(Provided information)
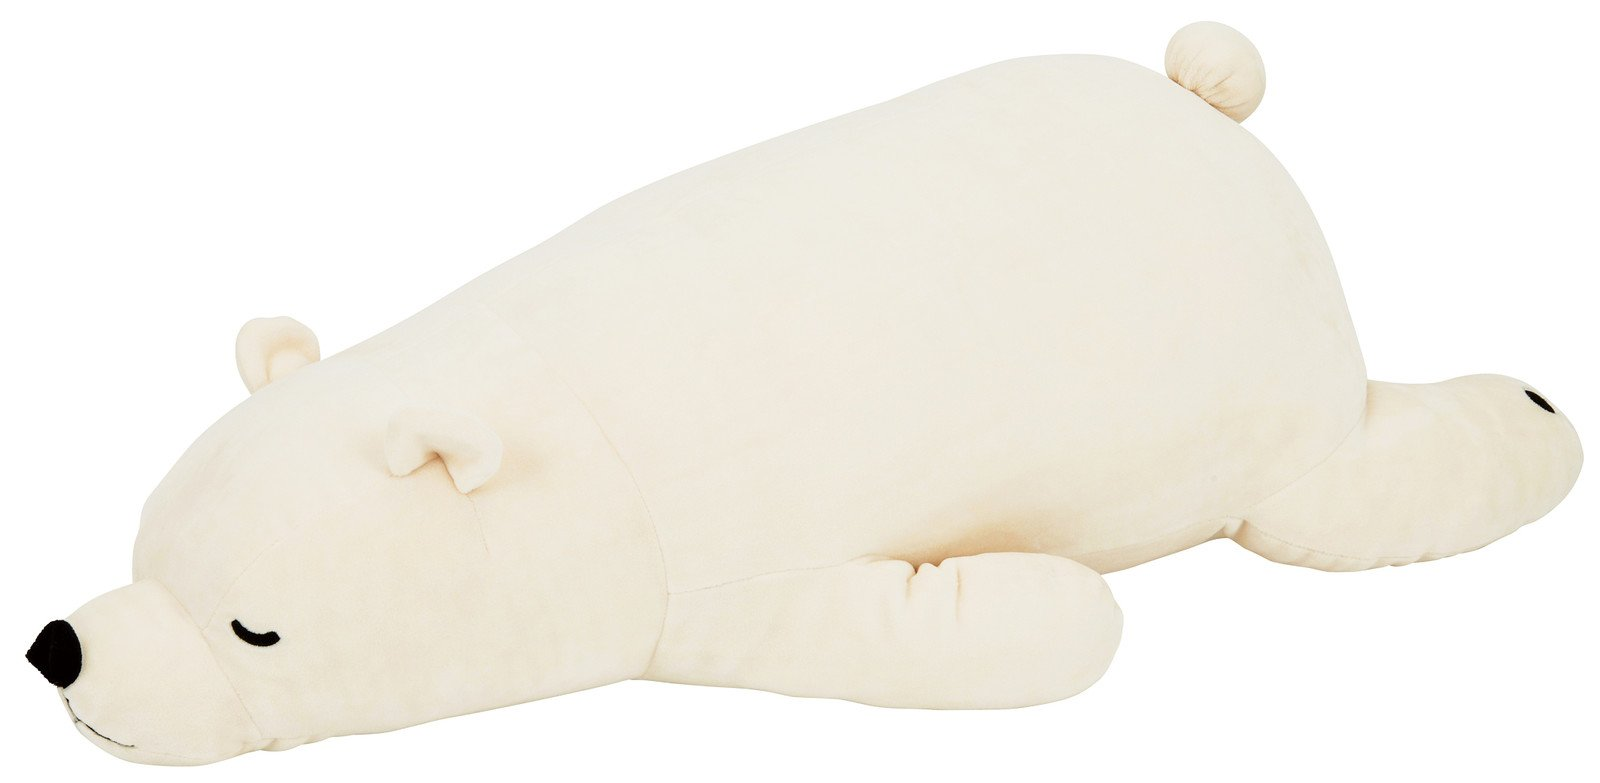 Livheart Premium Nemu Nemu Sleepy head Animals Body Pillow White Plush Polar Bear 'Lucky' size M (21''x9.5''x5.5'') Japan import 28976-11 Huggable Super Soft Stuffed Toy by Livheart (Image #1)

--

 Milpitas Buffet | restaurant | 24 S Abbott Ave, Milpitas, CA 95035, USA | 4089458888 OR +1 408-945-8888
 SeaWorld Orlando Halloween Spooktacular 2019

(Exercise details)
Both the line containing "Milpitas Buffet |" and the line containing "SeaWorld Orlando Halloween Spooktacular 2019" belong in the answer. Print them and every line above that falls between them exactly, and no others.

(Exercise output)
 Milpitas Buffet | restaurant | 24 S Abbott Ave, Milpitas, CA 95035, USA | 4089458888 OR +1 408-945-8888
 SeaWorld Orlando Halloween Spooktacular 2019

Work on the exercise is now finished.